18 março 2010

Governo brasileiro não se alinha à hipócrita campanha anticubana

O governo brasileiro foi irrepreensível ao se recusar a figurar nessa (má) companhia, apesar das pressões. A esclarecedora declaração do chanceler Celso Amorim sobre a posição brasileira ficou quase perdida em meio à histeria oposicionista.
Hideyo Saito
Em vez de pressionar para que o governo brasileiro se some à atual campanha anticubana, como sempre capitaneada pelas agências oligopólicas de notícias, as boas almas que se manifestaram pela democratização de Cuba têm o dever moral de exigir o fim da política de agressão dos EUA contra Cuba.

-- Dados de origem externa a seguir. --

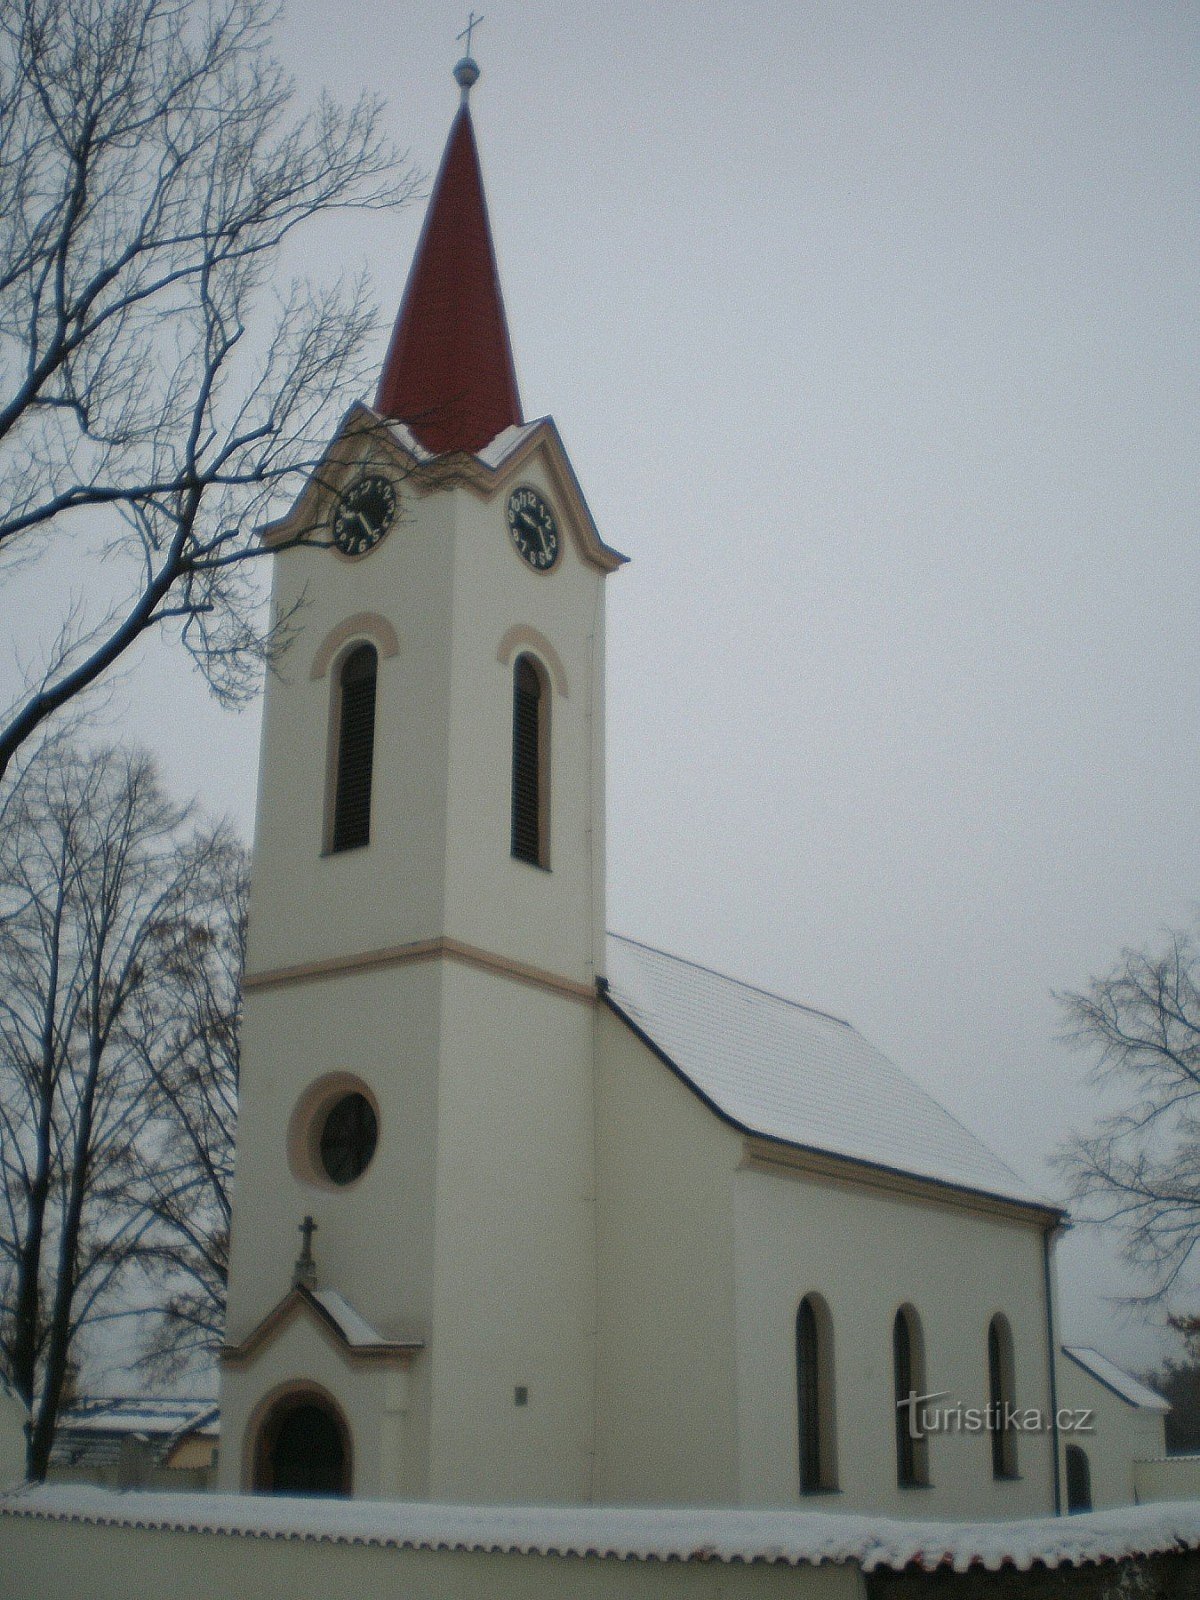 Dubeček - εκκλησία του St. Πέτρος

Do contrário, sua posição, apresentada como democrática, se revelará escandalosamente desonesta e hipócrita. Cessada a agressão e desanuviado o ambiente internacional, o próprio povo cubano poderá decidir, sem pressões externas, como será o seu modelo de democracia, conforme parecem indicar os debates já em curso no país, com grande participação popular.

Os chamados dissidentes cubanos receberam forte apoio da oposição brasileira e da mídia dominante local, em seu empenho para constranger o presidente Luiz Inácio Lula da Silva a se manifestar publicamente contra o governo de Havana. Na famosa entrevista à Associated Press, usada como pretexto para a pancadaria, o presidente brasileiro trouxe à baila um episódio de morte em uma greve de fome coletiva de prisioneiros do Exército Republicano Irlandês (IRA), durante o governo de Margareth Thatcher, em março de 1981. “Eu vejo muita gente que hoje critica o governo cubano por causa da morte, [e que] não falava nada da morte do IRA”, cobrou Lula. Esse trecho foi convenientemente omitido pela mídia dominante, para deixar o caminho livre para a atual campanha.

Na compacta barreira de desinformação que se orquestrou, as palavras-chave usadas têm sido: luta pela liberdade, dissidentes heróicos, masmorras cubanas, presos de consciência, tirania insensível, cumplicidade de Lula. Os atores brasileiros do drama (jornalistas locais, enviados especiais, colunistas, comentaristas convidados, políticos) repetem em uníssono o noticiário difundido por agências oligopólicas de notícias, como a citada AP, a France Press e a Efe, e por órgãos como a Voz da América, do governo dos Estados Unidos. No jornal O Estado de S. Paulo, a sanha tem sido tamanha, que até colunista de assuntos econômicos, caso de Rolf Kuntz, e articulista convidado, como Eugenio Bucci, reforçaram o festival de acusações em termos praticamente idênticos aos do famoso extremista de direita Carlos Alberto Montaner. O Senado brasileiro aprovou moção de solidariedade aos “presos políticos”, em que também não faltaram críticas ao presidente Lula.

Nenhuma dessas boas almas, contudo, se preocupou em “checar” a notícia original ou qualquer de seus pormenores, cotejando-os com dados de outras fontes, ainda que fosse para complementar alguma informação. Se alguém o fizesse, poderia ter sabido que nenhum dos dois grevistas (Orlando Zapata Tamayo, que faleceu em 23 de fevereiro, e Guillermo Fariñas Hernández, que estava em estado crítico em um hospital cubano no final da segunda semana de março) foi condenado por atividades políticas, mas por delitos como furto, invasão de domicílio e agressões físicas, conforme registros judiciais cubanos. Ficaria informado também de que os presos por atividades políticas, cuja libertação é reivindicada por Fariñas, são os remanescentes do processo de 2003, quando 75 opositores foram condenados por receberem dinheiro do Escritório de Representação dos Estados Unidos em Havana para participar de atividades contra o governo revolucionário (e não, como diz a campanha-padrão contra Cuba, por se oporem ao regime).

Poderia confirmar ainda que o julgamento dos 75 foi realizado em tribunais regulares, em sessões públicas, com base em leis pré-existentes e assegurado o pleno direito de defesa e de apelação. O governo cubano divulgou, na ocasião, provas documentais sobre a relação que os acusados mantinham com representantes do governo estadunidense. É uma relação passível de incriminação penal em qualquer país do mundo. Em todo caso, cerca de 20 deles foram, desde então, libertados pelo governo por problema de saúde, obedecendo às 95 regras de tratamento carcerário humanitário, estabelecidas pela ONU.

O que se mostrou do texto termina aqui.